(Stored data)
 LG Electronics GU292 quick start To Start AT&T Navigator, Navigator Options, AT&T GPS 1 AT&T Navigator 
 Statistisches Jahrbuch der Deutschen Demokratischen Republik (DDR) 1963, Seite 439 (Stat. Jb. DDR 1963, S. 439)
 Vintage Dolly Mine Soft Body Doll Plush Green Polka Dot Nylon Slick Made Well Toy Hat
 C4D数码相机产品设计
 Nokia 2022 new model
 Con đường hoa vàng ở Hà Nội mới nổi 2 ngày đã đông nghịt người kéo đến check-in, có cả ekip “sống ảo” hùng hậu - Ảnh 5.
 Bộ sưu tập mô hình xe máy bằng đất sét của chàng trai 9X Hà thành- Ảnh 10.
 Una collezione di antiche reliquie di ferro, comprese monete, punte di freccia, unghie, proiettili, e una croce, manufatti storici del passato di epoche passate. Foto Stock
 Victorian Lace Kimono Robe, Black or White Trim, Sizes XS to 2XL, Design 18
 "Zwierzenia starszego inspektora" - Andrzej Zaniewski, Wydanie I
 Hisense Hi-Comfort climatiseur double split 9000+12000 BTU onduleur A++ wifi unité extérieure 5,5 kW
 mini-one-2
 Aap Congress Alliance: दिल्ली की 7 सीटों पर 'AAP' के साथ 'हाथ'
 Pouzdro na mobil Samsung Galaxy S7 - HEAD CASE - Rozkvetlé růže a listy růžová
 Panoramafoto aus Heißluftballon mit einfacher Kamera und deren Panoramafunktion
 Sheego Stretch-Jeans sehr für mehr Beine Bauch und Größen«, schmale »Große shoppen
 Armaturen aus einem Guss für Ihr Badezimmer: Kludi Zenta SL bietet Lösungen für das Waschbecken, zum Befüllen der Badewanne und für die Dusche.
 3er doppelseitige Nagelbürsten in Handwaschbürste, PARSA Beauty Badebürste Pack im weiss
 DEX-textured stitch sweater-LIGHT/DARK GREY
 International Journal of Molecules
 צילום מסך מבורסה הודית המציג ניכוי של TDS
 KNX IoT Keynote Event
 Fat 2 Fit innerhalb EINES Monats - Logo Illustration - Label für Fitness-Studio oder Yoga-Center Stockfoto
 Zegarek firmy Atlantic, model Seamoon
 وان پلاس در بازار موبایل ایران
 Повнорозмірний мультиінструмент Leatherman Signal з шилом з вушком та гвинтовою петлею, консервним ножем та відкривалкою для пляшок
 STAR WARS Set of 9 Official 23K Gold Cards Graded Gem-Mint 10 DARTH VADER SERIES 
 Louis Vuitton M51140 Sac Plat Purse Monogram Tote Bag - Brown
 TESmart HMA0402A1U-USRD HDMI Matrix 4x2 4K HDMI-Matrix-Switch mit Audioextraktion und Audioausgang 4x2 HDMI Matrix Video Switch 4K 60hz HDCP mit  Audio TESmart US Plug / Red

- Work request: The answer must consist of every line above that contains the word "model".

- The completed task:
 Nokia 2022 new model
 Zegarek firmy Atlantic, model Seamoon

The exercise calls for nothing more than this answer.